Schwimmtraining für kinder

Der leise Tod

von Redaktion

Rettungskräfte aus der Region geben Tipps für die Badesaison

Rosenheim/Traunstein – Eine unaufmerksame Minute, und schon ist es passiert: Das Kind ist unter Wasser. Doch nicht nur Kinder sind der Gefahr von offenen Gewässern ausgesetzt. Laut der Deutschen Lebensrettungs-Gesellschaft (DLRG) ertranken im vergangenen Jahr 95 Menschen in ganz Bayern – so viel wie in keinem anderen Bundesland. Waren es im Landkreis und in der Stadt Rosenheim 2019 noch vier Fälle, zählt die Statistik heuer bereits fünf. Rettungskräfte erklären, wie man sich im Wasser richtig verhält.

Todesgefahr
in der Mangfall

Ein besonders tragisches Unglück ereignete sich vor zwölf Jahren im Bereich der Mangfall, die Richtung Rosenheim fließt und dort in den Inn mündet: Ein Achtjähriger fiel bei Heufeld ins Wasser, die Strömung wirbelte ihn spiralförmig nach unten.

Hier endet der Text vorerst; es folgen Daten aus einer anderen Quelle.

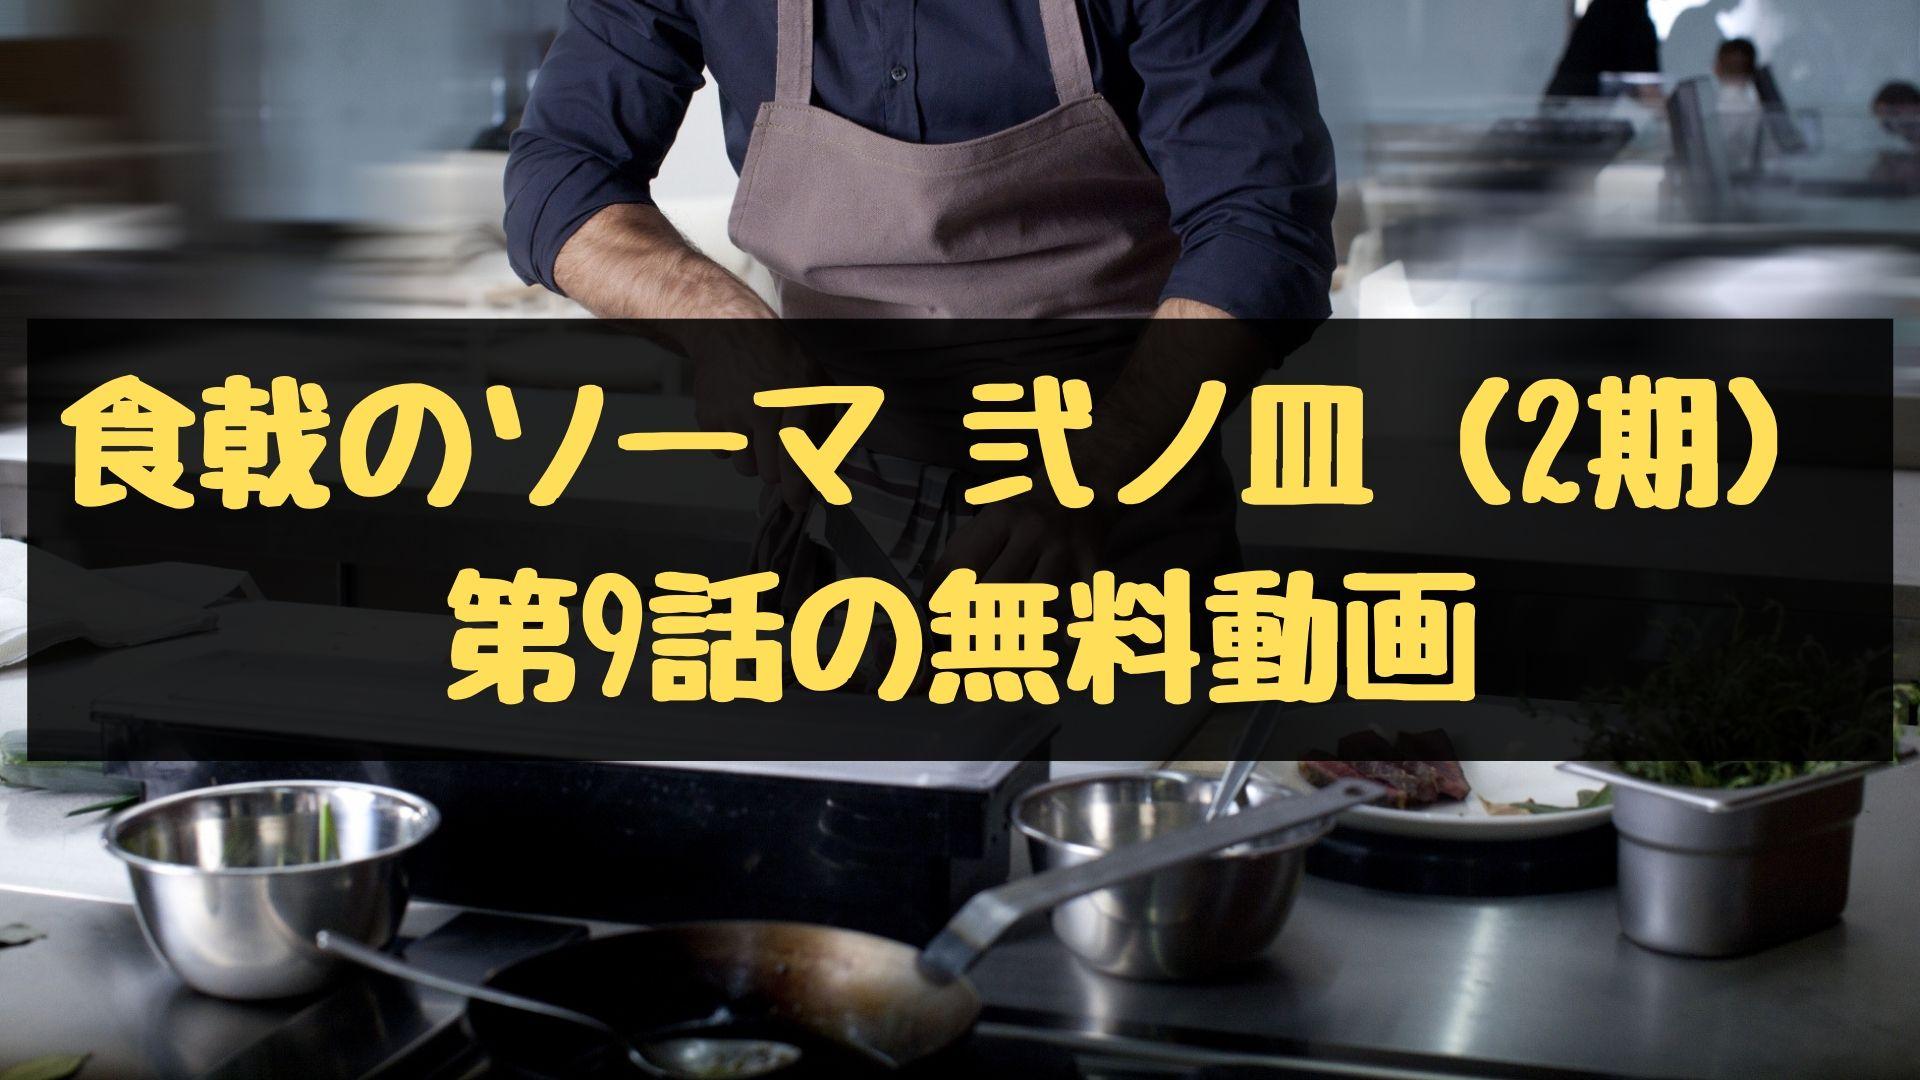 食戟のソーマ 弐ノ皿(2期) 第9話の無料動画

Der Bub wurde zunächst gerettet, verstarb aber dann doch. „Die Walzen sind lebensgefährlich, sie haben einen Waschmaschineneffekt“, weiß Christian Wieseke, Vorsitzender der Aiblinger Wasserwacht. Aus eigener Kraft komme man nicht mehr aus dem Fluss. Leicht könne man im Wasser die Orientierung verlieren. Die Verletzungsgefahr sei hoch – von Beinbrüchen bis hin zu schweren Kopfverletzungen sei mit allem zu rechnen. Wiesekes Ratschlag: Wenn irgendwie möglich, Ruhe bewahren, vielleicht könne man sich mit den Beinen vom Grund abstoßen.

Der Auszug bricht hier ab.